Jean Cabassu

Personal information
- Full name: Jean Valère Cabassu
- Date of birth: 2 August 1902
- Place of birth: Marseille, France
- Date of death: 29 November 1979 (aged 77)
- Place of death: Marseille, France
- Position(s): Defender

Senior career*
- Years: Team / Apps / (Gls)
- 1917–1920: Olympique de Marseille
- 1920–1921: FC Lyon
- 1921–1924: Olympique de Marseille
- 1924–1925: Stade Français
- 1925–1931: Olympique de Marseille

International career
- 1924: France / 0 / (0)

= Jean Cabassu =

French footballer (1902–1979)

Jean Valère Cabassu (2 August 1902 – 29 November 1979) was a French footballer who played as a defender for Olympique de Marseille in the 1920s.

==Playing career==
===Club career===
Born in Marseille on 2 August 1902, Cabassu began his football career in 1917, aged 15, with his hometown club Olympique de Marseille. Together with Ernest Clère, Jean Boyer, and Jules Dewaquez, he was a member of the OM team coached by Victor Gibson that won two Coupe de France titles in 1924 and 1927, starting in both finals, beating Sète 3–2 in the former and Quevilly 3–0 in the latter. The following day, the journalists of the French newspaper L'Auto (the forerunner of L'Équipe) described his performance as "calm and clairvoyant, standing out from the other defenders by his excellent service and by his way of positioning himself, despite his lack of mobility".

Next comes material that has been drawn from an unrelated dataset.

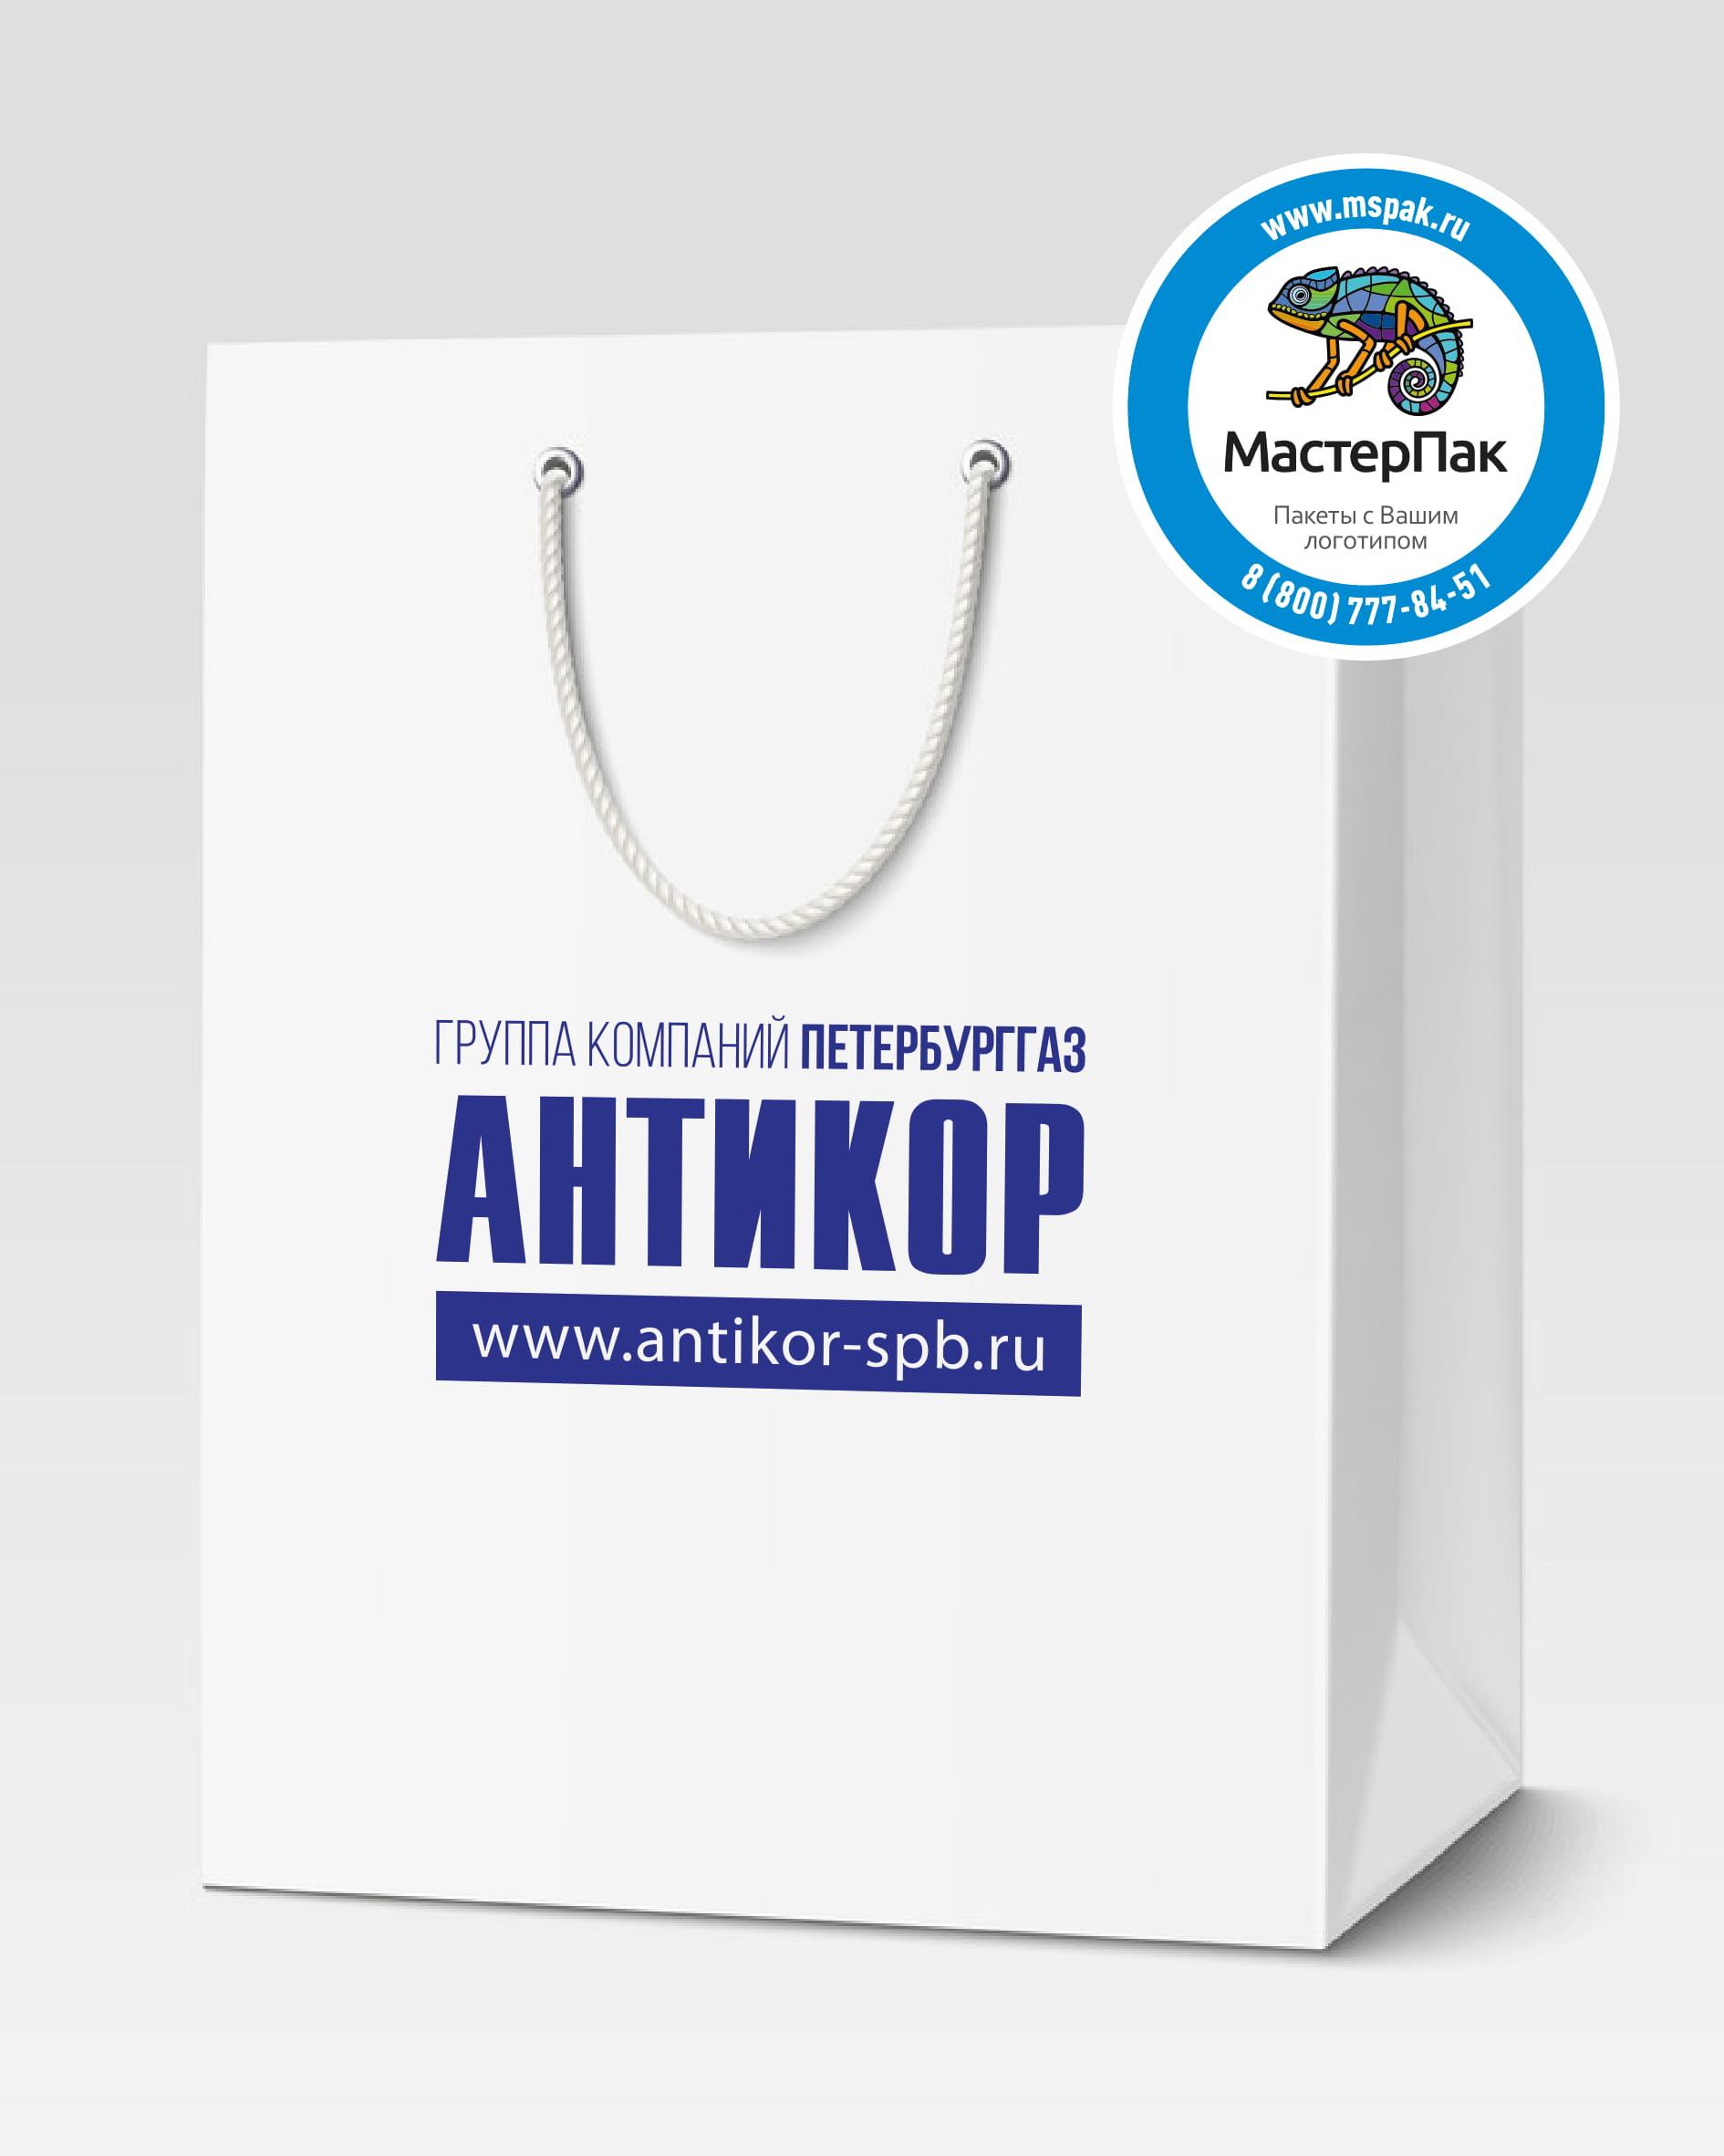 Пакет подарочный, бумажный с логотипом Антикор, 30*40, ручки-шнурки

Cabassu also helped OM win the 1929 French Amateur Championship, beating Club Français 3–2 in the final on 28 April, even though he had an "eclipse" of 15 minutes. Except for two one-season stints at FC Lyon (1920–21) and Stade Français (1924–25), he stayed at OM for over a decade, from 1917 until 1931, scoring a total of 12 goals in 104 official matches.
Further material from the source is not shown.